Evolutionary analysis of USVI Zika epidemic

Predictor data for phylogeographic GLM.

Currently planned predictors

  • Great circle distances between population-weighted country centroids. Generating code in Mathematica notebook and file here.

  • Origin country population size. Source: CIA World Factbook and UNdata. Reformatted World Factbook data available in this file

  • Fraction of population living in an urban center: Source: Data downloaded as CSV from The World Bank | Data.

  • Destination country population size. Source: CIA World Factbook and UNdata, same as above.

  • Degree of air traffic between countries. Source: Bluedot. Please note that due to licensing agreements with IATA, this predictor cannot be made publicly available on Github.

  • Vector abundance of country. Possible source: Messina et al paper.

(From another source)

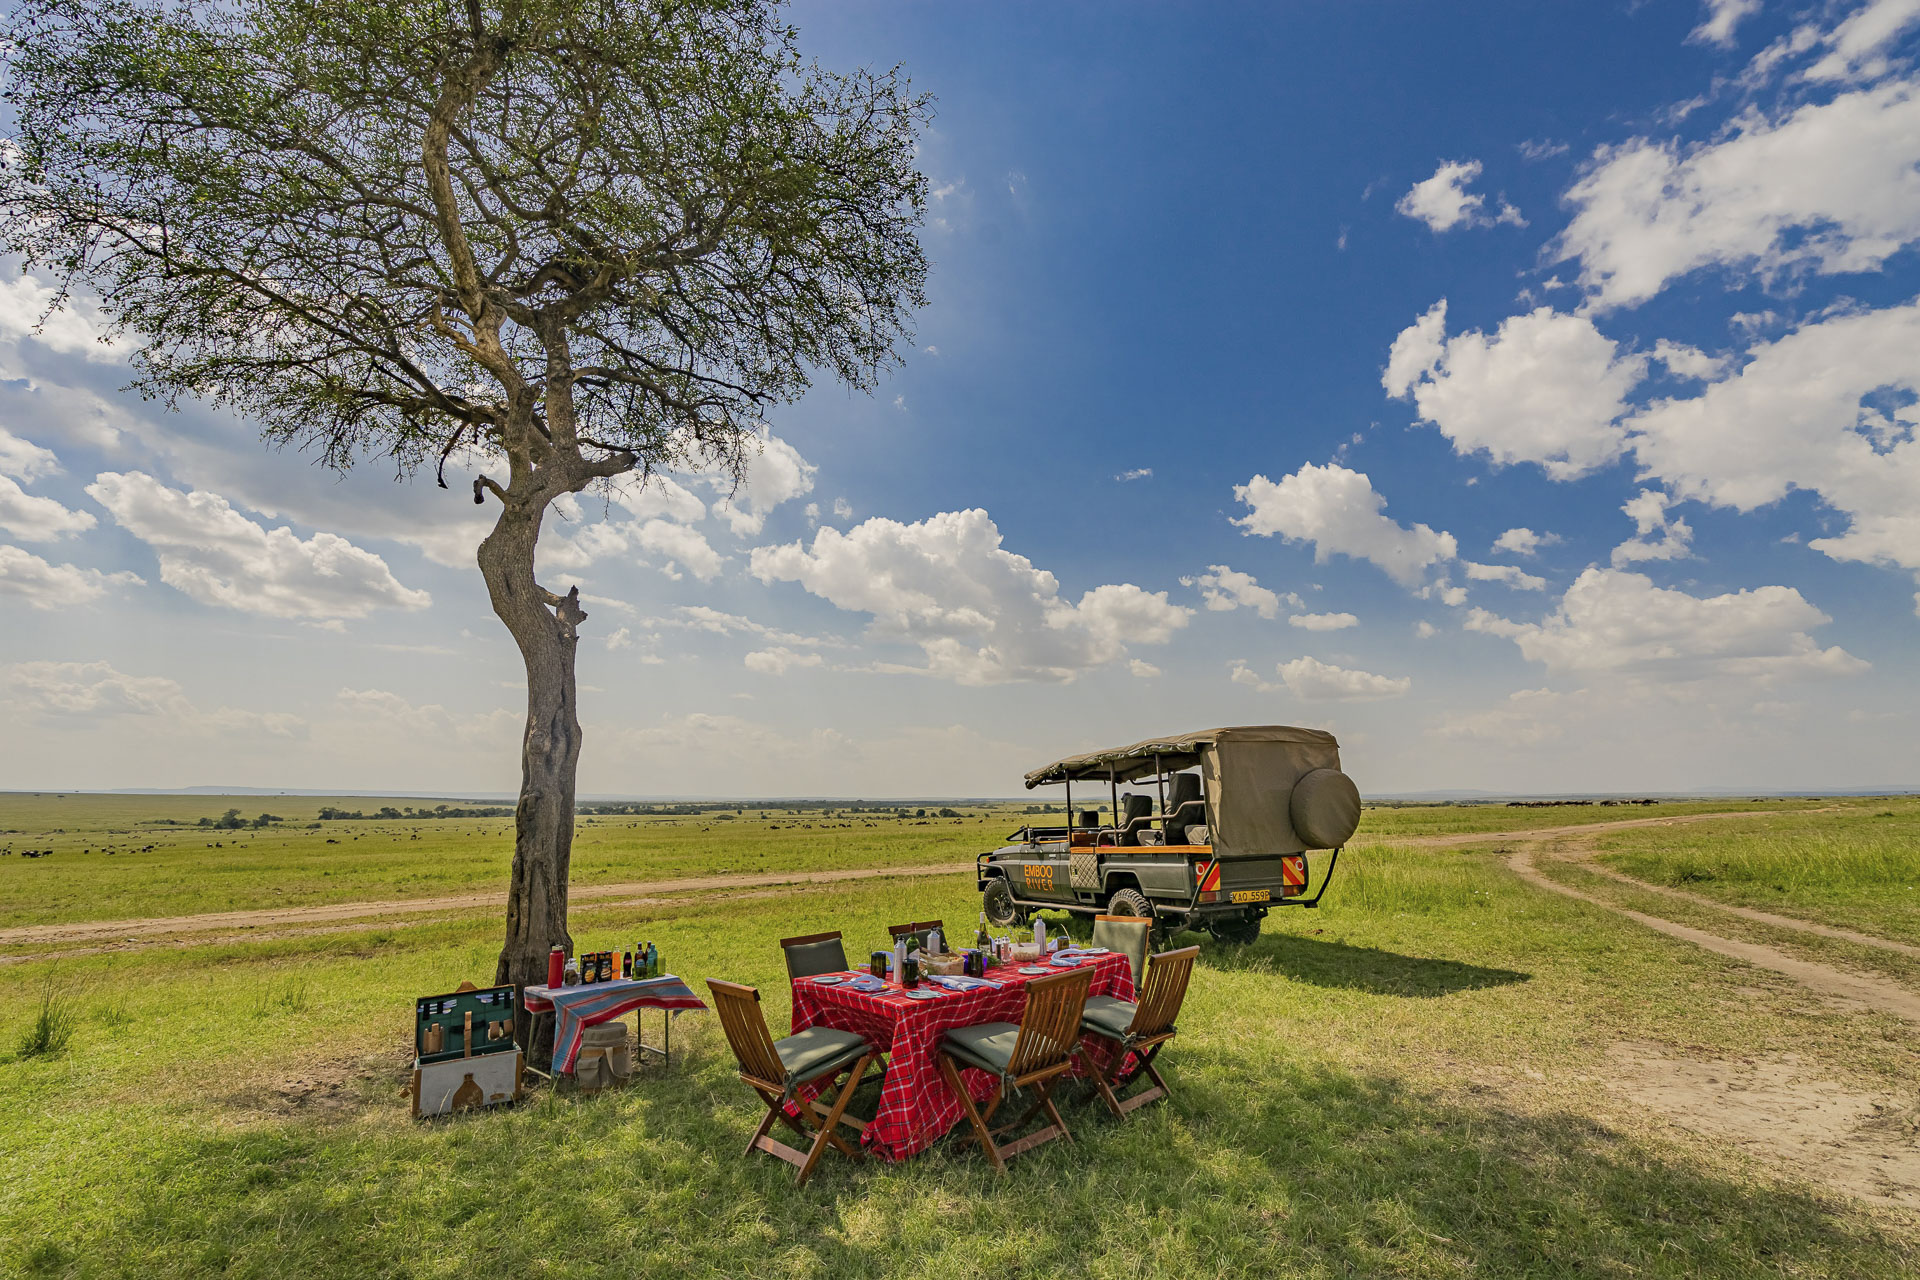 Emboo Camp in Kenia tijdens safari met Live To Travel

  • Latitudinal direction of ZIKV migration. This pairwise predictor has a 1 value for the cell if the origin's population-weighted centroid is north of the destination's, and a -1 if origin is south of the destination.

Possible other predictors

  • Country population size that is native-born or foreign-born (available from UNdata) as a possible measure of population-level migrancy?

Workflow for data standardization and making predictor matrices in BEAST format.

1) Standardize country names. See indexed-countries-50.tsv for canonical project names. Cleaned up data are written to tsv.

Importantly, at this point there are two types of tsv files, those that contain data that is not pairwise (e.g. country population size) or data that is inherently pairwise (e.g. amount of air traffic passengers flowing between countries). Pairwise predictor tsv files are written to the following format:

origin \t destination \t predictor_value

Non-pairwise tsv files are written as:

country \t value

2) All tsv files that are not pairwise, are collated within a single dataframe by left-joining on indexed-countries-45.tsv. This allows filtering out of countries that are not included in the analysis.

3) Make pairwise-format tsv files from the non-pairwise data by assigning either the origin value to the destination value to all origin-destination pairs.

4) Import all origin-destination pair data from each of the tsv files, then make flattened matrices. Note that matrix indexing for GLM predictor matrices is unique. We've accounted for this in our code.

5) Take natural log of all values in the matrix, then standardize the log transformed values by doing the following for each value in the matrix.

(value - mean)/(standard deviation)

6) Export log-transformed and standardized flattened matrices to tsv.